# what preamp do you use?



## teamducker (Mar 19, 2009)

I am looking to get my caller cleaner and louder. heard that using a preamp is the way to go... I tried doing searches but cant seem to find the old threads on this. Tryin to get the caller goin before we go in a couple weeks here! Thanks in advance!
:beer:


----------



## the professor (Oct 13, 2006)

boostaroo.


----------



## possumfoot (Nov 7, 2006)

probably a silly question, but how did you rig yours up to run directly off the 12V?


----------



## orrghead16 (Dec 29, 2005)

I run fiiO preamps on all my callers. They have a selection. Had a couple e6's that I switched out for e11's or e12's this last season.

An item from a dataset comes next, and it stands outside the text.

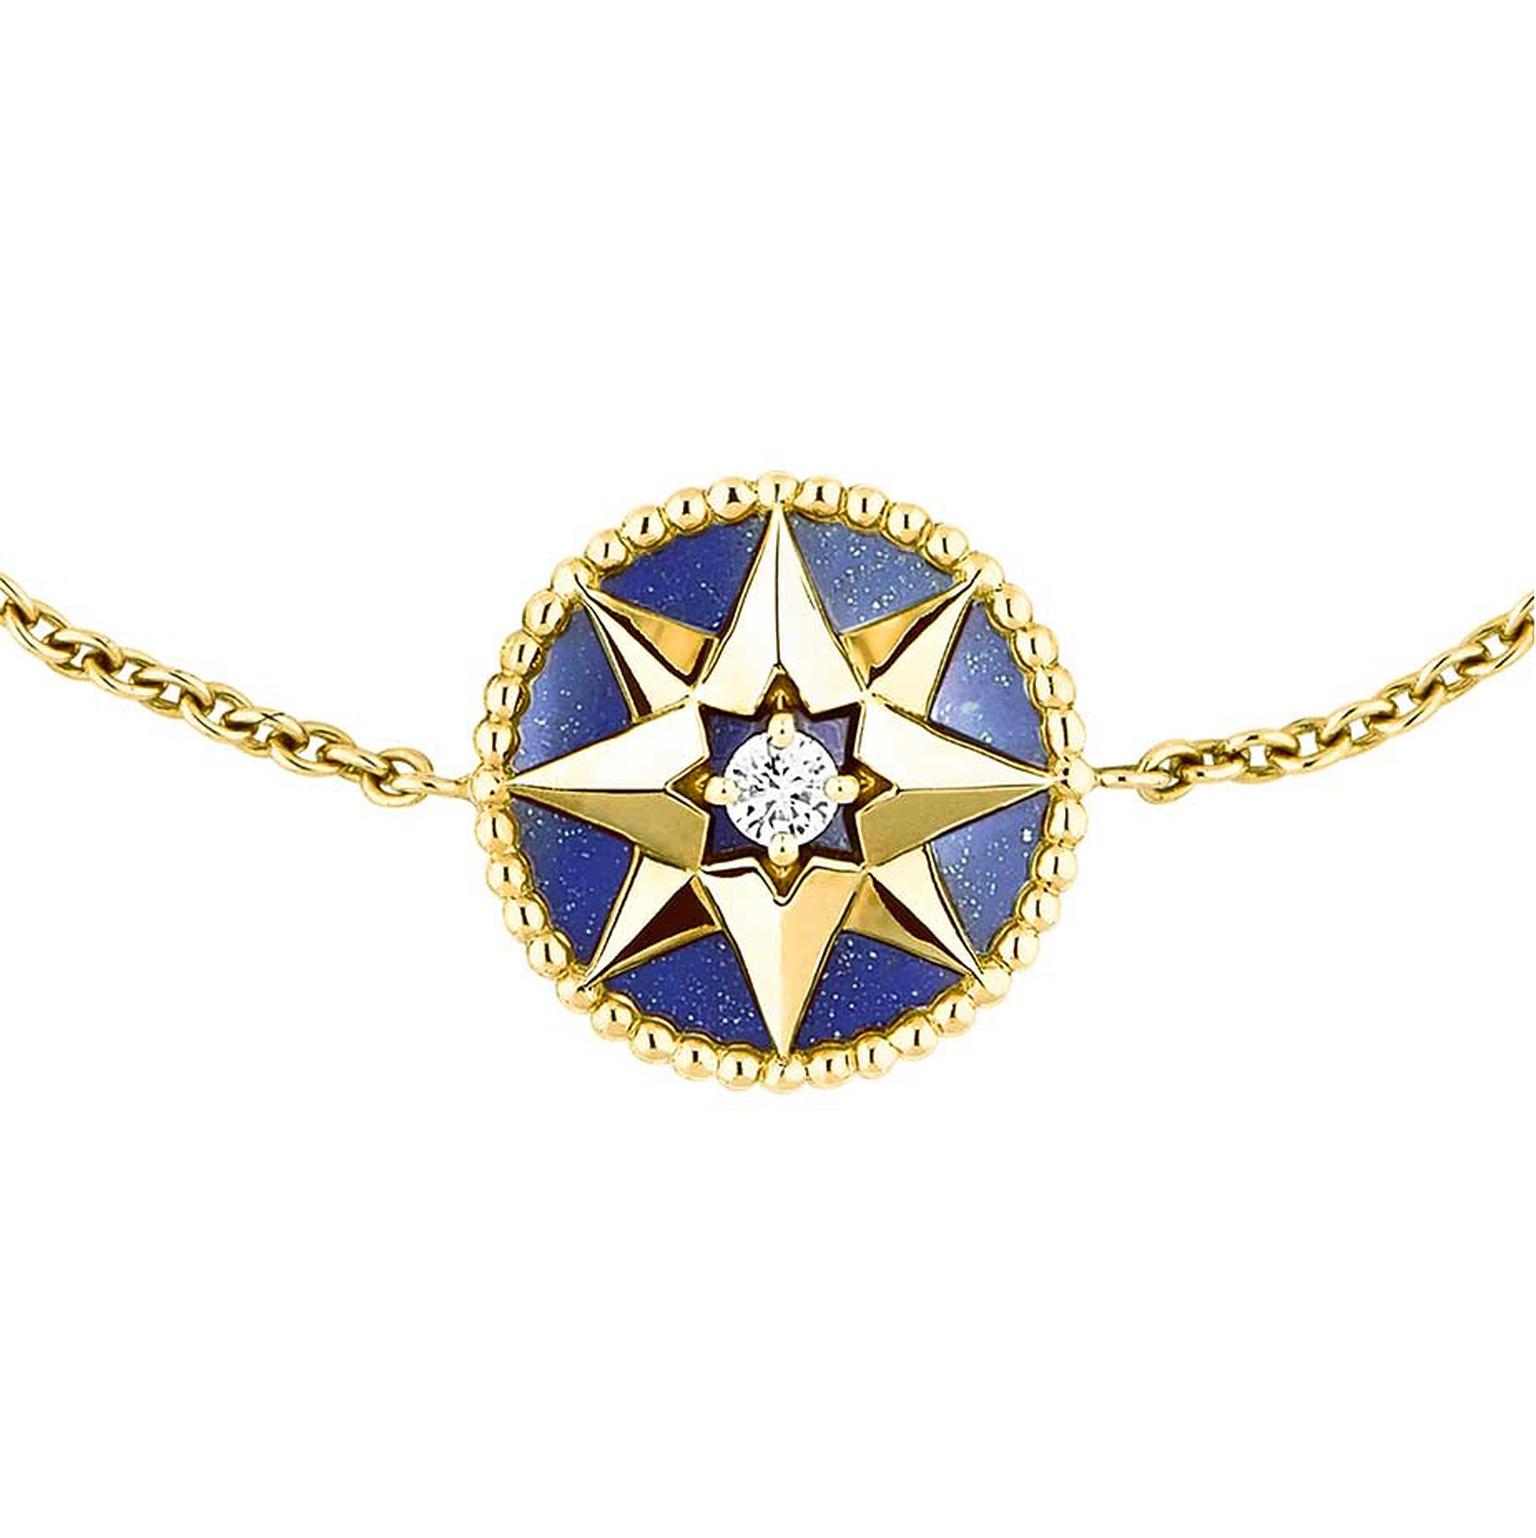 Dior Rose des Vents bracelet in yellow gold and lapis lazuli, set with a central round brilliant diamond.

Seems silly to me to run 500 dollar callers off of cheap 10 dollar mp3 players. Dropping money in high quality connections, preamps, and mp3 players pays dividends with clear, loud sounds. Regardless if the snows notice or not, it is good to have peace of mind knowing I have quality volume and the crispest sound I can play.

Along these lines, having a external battery pack in the fields is worth its weight in gold to charge players, amps, and phones. I have 2 in my blind bag. Never have to worry about missing reports with a dead phone, switching out AAA's during 15 degree mornings, or running back to the truck to charge the ipod.

PO


----------